Gemeenschappelijk belang
Bijzonder is dat met de Klimaattop in Parijs voor het eerst in de geschiedenis van de mensheid het bewustzijn is ontstaan van een gemeenschappelijk belang. In de strijd tegen de opwarming van de aarde zijn staten meer van elkaar afhankelijk dan ooit. Het gaat om het behoud van goede levensomstandigheden overal ter wereld.
Tot nu toe was het gebruik van het woord waarde een schaamlap. De verzorgingsstaat moest worden afgeslankt, meer fatsoen moest er komen, de hufterigheid aangepakt. Nu wordt waarde dus alom gekoppeld aan zorgzaamheid voor de aarde. Daar hebben we geen religie voor nodig, geen Tien Geboden. En ook de grote ideologieën hoeven we er niet voor uit de mottenballen te halen.

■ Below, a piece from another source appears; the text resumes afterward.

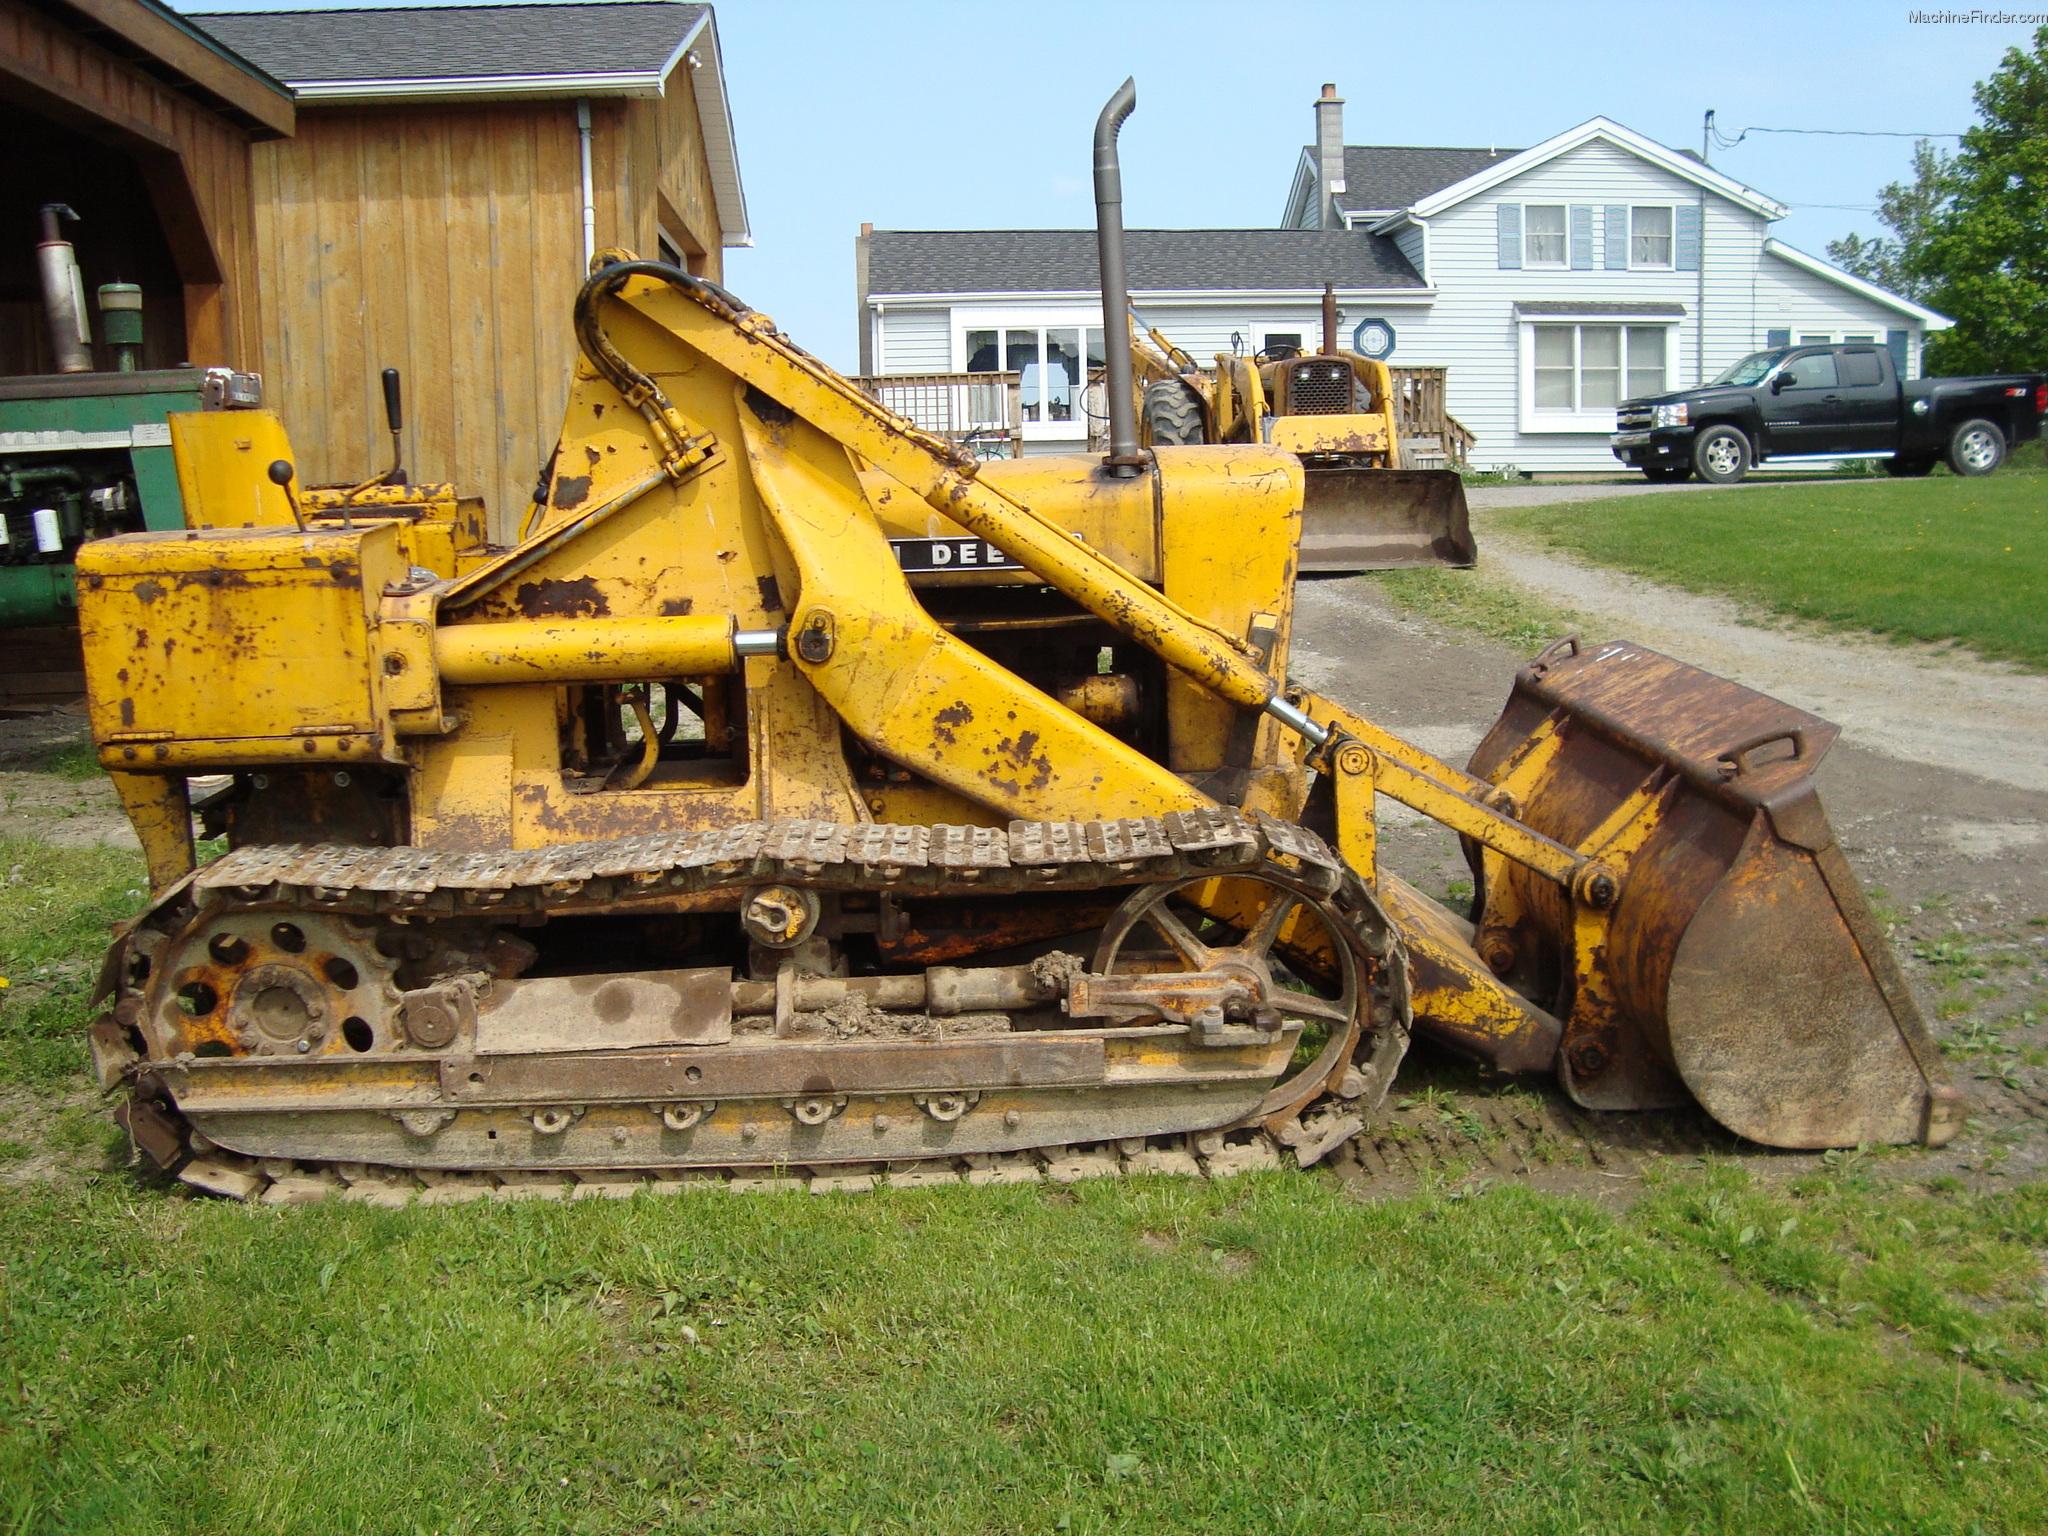 John Deere 1010 Construction Equipment & Forklifts - John Deere MachineFinder

Wat zou Lucebert in zijn gedicht ‘De zeer oude zingt’ trouwens met waarde bedoelen? Die van culturele of economische goederen? De dichter benoemt het niet. Hij spreekt in poëzie, in woorden die niet besmeurd zijn. Hij spreekt niet eenduidig, maar ook niet met dubbele tong: ‘alles van waarde is weerloos/wordt van aanraakbaarheid rijk/en aan alles gelijk//als het hart van de tijd/als het hart van de tijd’.
Waarde is het hart van de tijd. Waarde is de essentie van het moment. Daar hoeven we geen doekjes om te winden. Daar hoeven we geen smoesjes voor te verzinnen. Daar hebben we geen schaamlap voor nodig.